I get up at 5.30am. It takes nearly two hours on the bus to get to the market, and I start work at eight, unloading the trucks. I try to get the fruit trucks, because I don’t like carrying meat. The drivers pay us, or if we choose they give us fruit and other goods to sell. Some of my friends just get paid and go home. But I take the fruit and work all day. I can make much more selling than carrying.
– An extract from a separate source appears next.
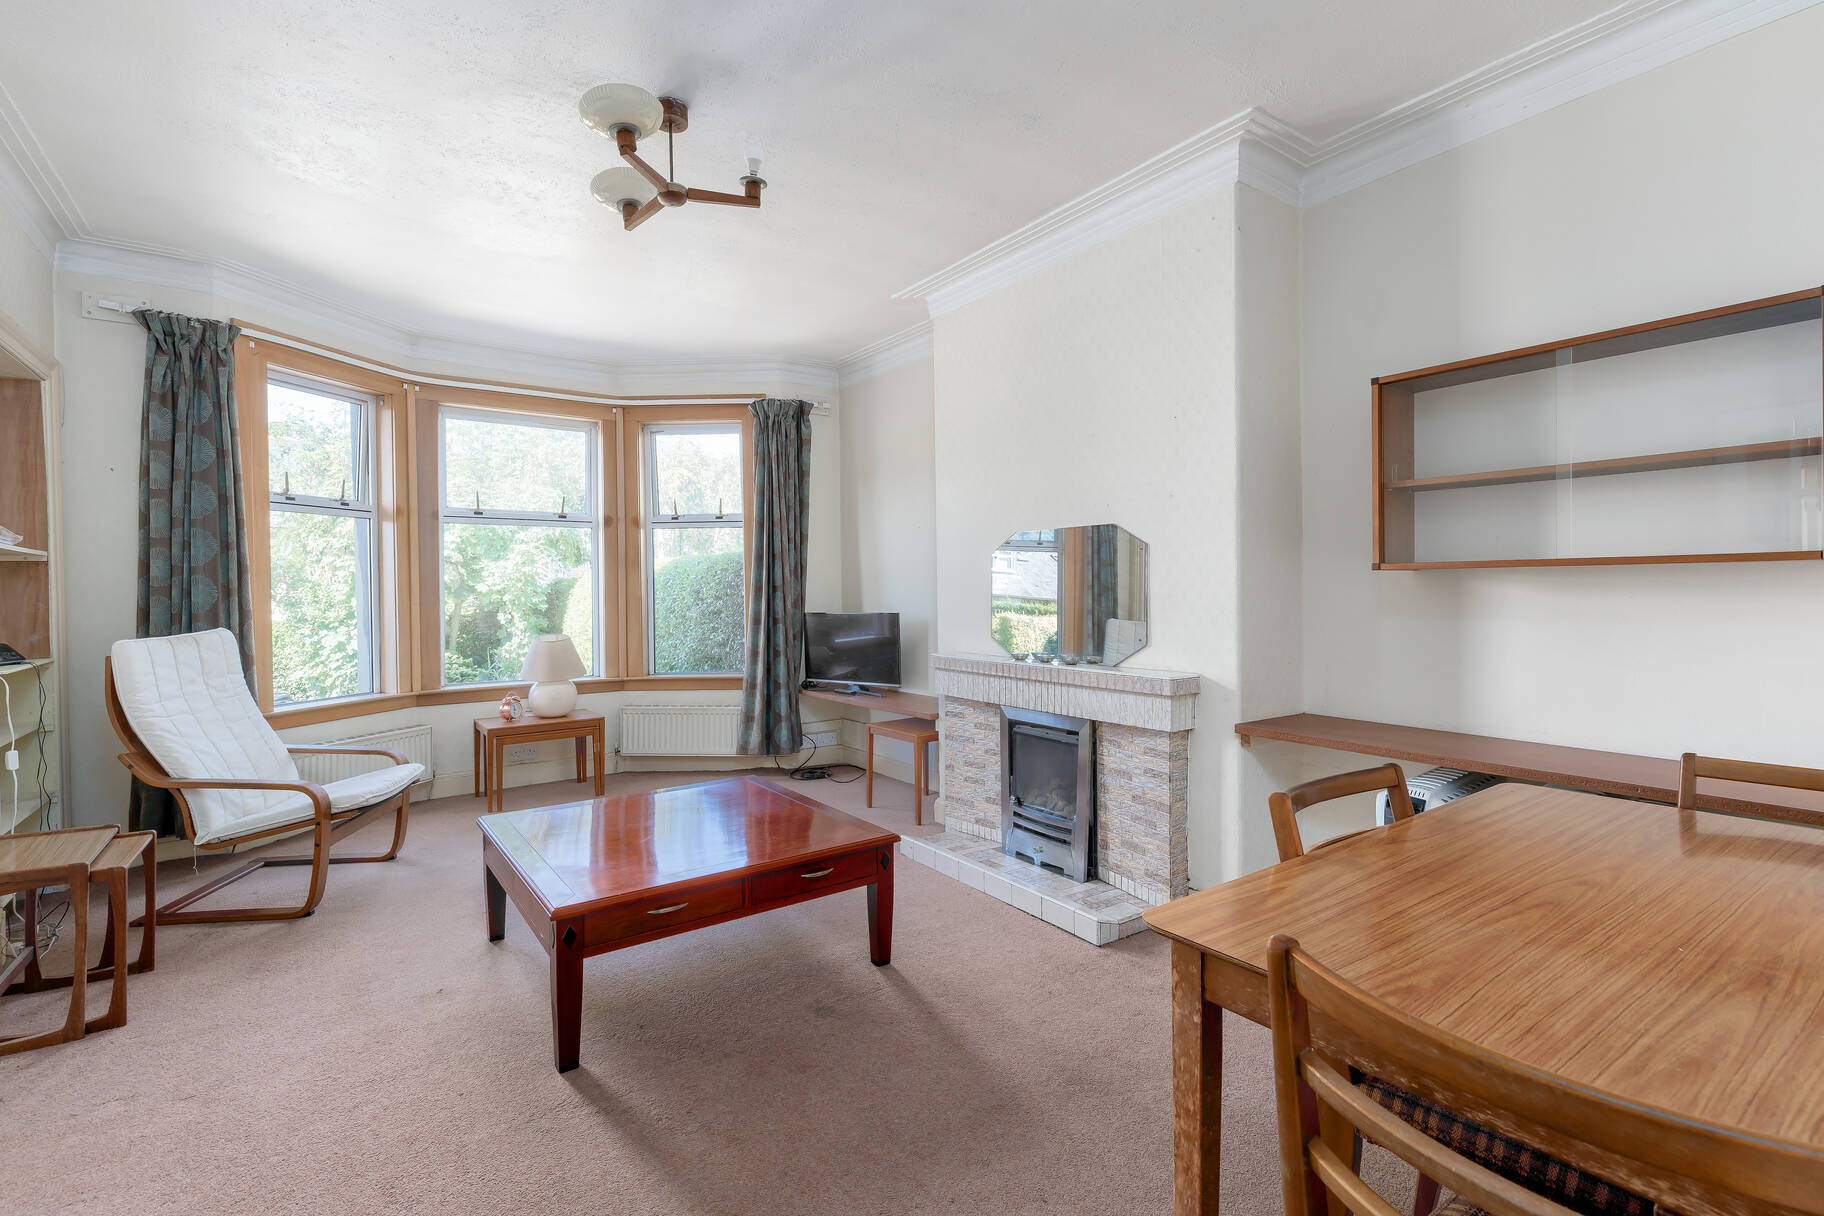 2 Gardiner Terrace, Blackhall, Edinburgh, EH4 3RS
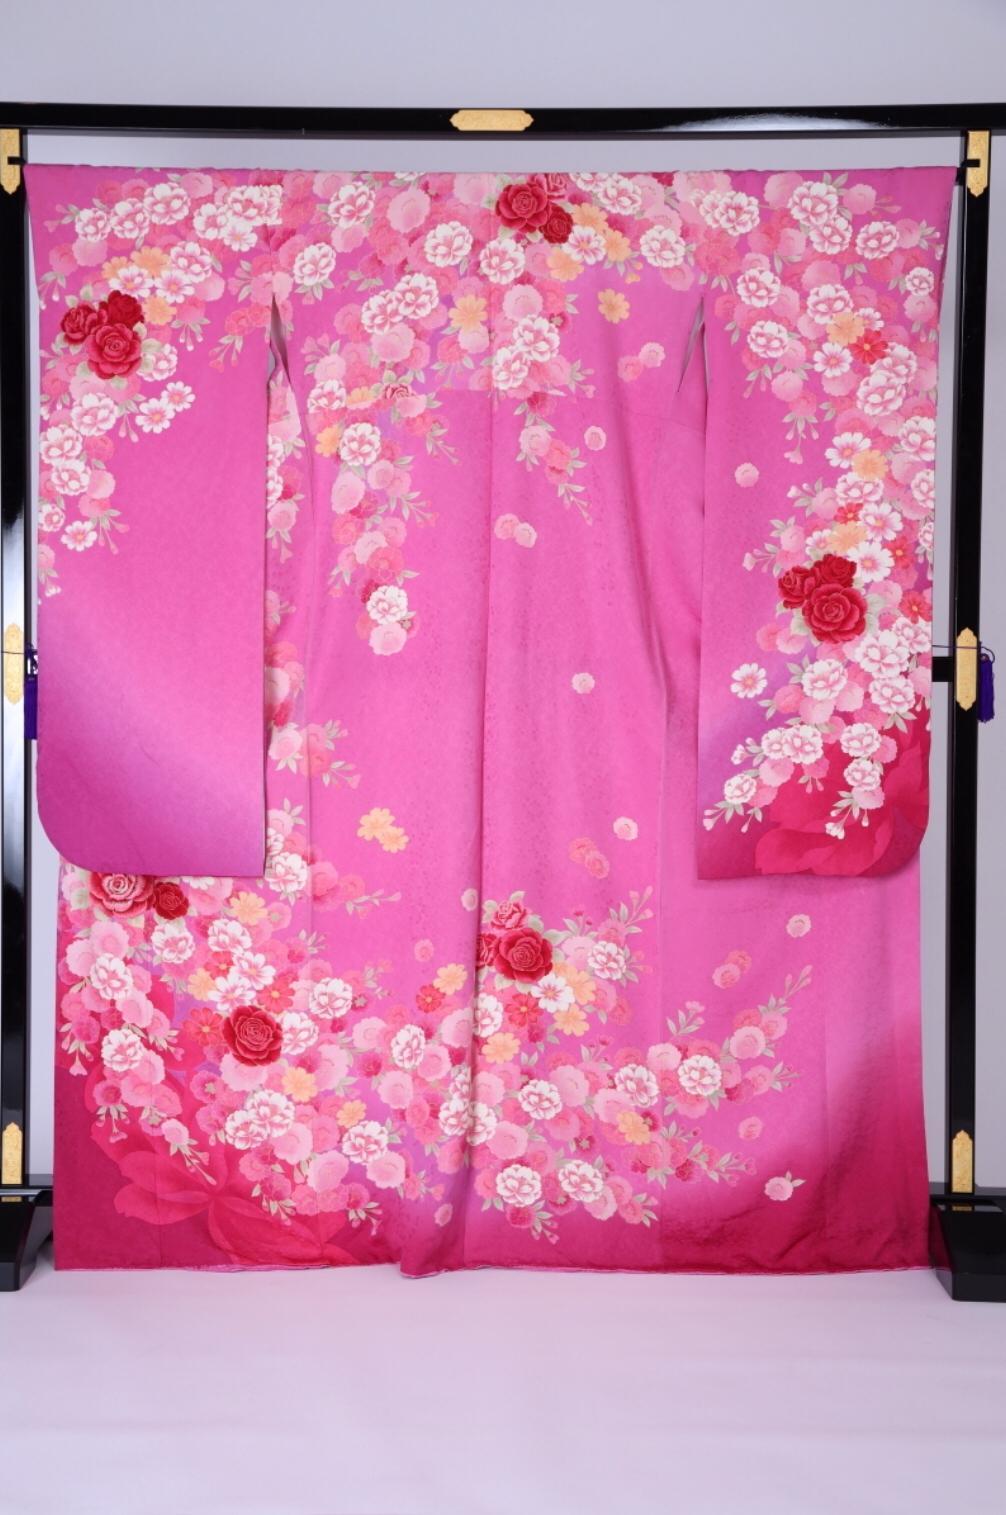 CLASS A 淺桃紅玫瑰花八重櫻正絹振袖

I like my job, and I have lots of friends on the market. But I only do it because I have to – to help my mother and pay my own way. I think my father should pay for my education, so I wouldn’t have to work on the market. I want to go to school. I want to be a systems engineer, but how can I?

The stall-holders don’t like us because we offer better prices than them, so they throw rotten vegetables and try to chase us off. Sometimes, the security guards don’t let us work at all, because officially we are too young to get a permit. If we try and sneak in, they hit us with batons until we run off – but it’s easy to lose them in the market. We work in pairs – one sells and the other looks out for men with sticks.

It’s wrong that children have to work, but we do. It’s even more wrong that they try to stop us working. If I can, I work all day and I finish around seven in the evening. Afterwards we play football to relax. It’s exhausting, but I enjoy myself. I earn between $5 and $8 a day, which I spend on clothes and food. I don’t drink or take drugs. I would like to save money for school, but for now I can’t, because my mother is sick: she has a problem with her breasts.

When I get home, I have to help clean and make dinner. I don’t get much free time.

Despite the tough life he has already endured, Pablo is an optimistic and resilient teenager. This is the more remarkable, considering something that Pablo himself doesn’t reveal or even refer to, but which is likely to restrict his development far more than his lack of education. According to his social worker, Lisbeth Ospina, he is going blind. He has a deteriorating eye condition, which without corrective surgery will rob him of his sight before he turns 20. He is already unable to see detail, and has trouble following fast-moving objects. ‘When Pablo tells you he is saving for school, in his heart he is saving for an operation,’ she explains.

Pablo was interviewed by Jeremy Lennard.